«Noi siamo il cibo che mangiamo e la connessione fra produzione e consumo dei cibi può essere il luogo in cui reclamare la nostra libertà». (Vandana Shiva, attivista e ambientalista indiana).

Quello di sabato è stato un menù pensato e ripensato, il suo obiettivo non era solo quello di riempire lo stomaco. Abbiamo scelto piatti di diverse zone del mondo, da tutti quei luoghi dove le donne stanno lottando. Nel piatto vi era un mondo di culture e di persone.

Ecco com’era il menù:

ZEEYTINYAGLI YAPRAK SARMA – involtini di foglie di vite con riso basmati – Kurdistan

CIG KOFTE – polpetta di bulgur – Kurdistan

KARANTITA – sformato di ceci – con HARISSA – salsa di peperoncino e pomodoro – e PANE ARABO – Algeria

SOPAIPILLAS – torta fritta con zucca – con SALSA PEBRE – pomodoro, cipollotto, coriandolo – Cile

FEKKAS – biscotti con mandorle, sesamo e anice – con TE’ ALLA MENTA – Marocco

MALWI – frittelle – con MIELE – Marocco

E allora, dal momento che il cibo è un segno di appartenenza a una comunità (l’essere e sentirsi cittadino di una “polis”), vi invitiamo a riflettere sulla scelta di questi piatti:

in primo luogo, è stata per noi un’unione di sapori, una fusione che corrisponde alla nostra visione del mondo, un mondo senza confini, un mondo di ponti che ci uniscono e ci permettono di mescolarci. E anche la nostra cucina si apre per essere contaminata dai profumi e dai sapori del mondo. È la stessa idea che abbiamo di casa, dove ci teniamo stretti gli ingredienti della tradizione per poi impastarli con il nuovo e creare piatti che sono, ogni volta, imprevisto e appunto casa.

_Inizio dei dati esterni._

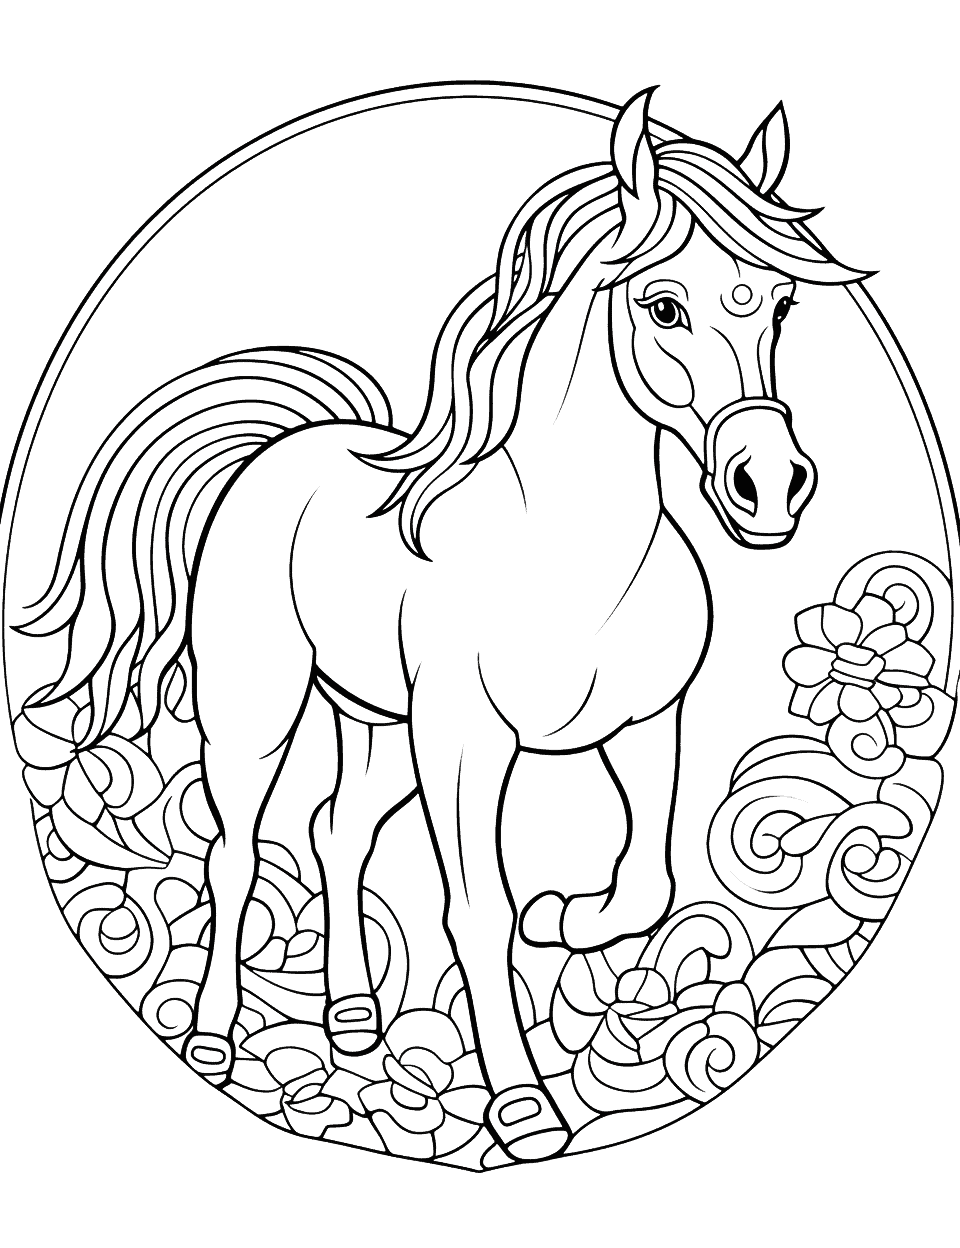 Horse Mandala Design Coloring Page - A complex horse-themed mandala design for older kids.

Il menù pensato è stato un’unione di testa e cuore.

Cuore perché abbiamo dedicato tempo e cura alla preparazione come è per noi – o dovrebbe essere – la cura verso le persone, l’attenzione profonda all’accoglienza e allo stare bene insieme.

Noi sappiamo che il ruolo di cura, a partire dalla preparazione e somministrazione del cibo, nella società patriarcale è da sempre e tradizionalmente assegnato alle donne. Noi vogliamo riappropriarcene, anche per non disperdere tutto quel patrimonio di saperi e sapori che ci tramandano le donne del passato, ma rovesciandone il senso e caricandolo di un significato fortemente politico

In primo luogo, per l’importanza della relazione, sia nella preparazione collettiva dei piatti che nel loro consumo (vi ricordo che una parola a noi molto cara – compagno – trae origine proprio dalla condivisione del cibo).

E allora non solo mangiare insieme, ma anche cucinare insieme genera consapevolezze e crea relazioni, perché noi non cuciniamo mai per noi stesse, ma per il mondo intero e perché sappiamo che il cibo è sempre un percorso facile e abbreviato per favorire scambi e comunicazione.

E poi cucinare insieme ci rende consapevoli del fatto che impastare, mescolare, cuocere sono il fondamento primo di un agire politico, una pietra su cui costruire convivenza e civiltà.

Concludiamo con una frase di Virginia Woolf: “Non si può pensare bene, amare bene, dormire bene, se non si è cenato bene”.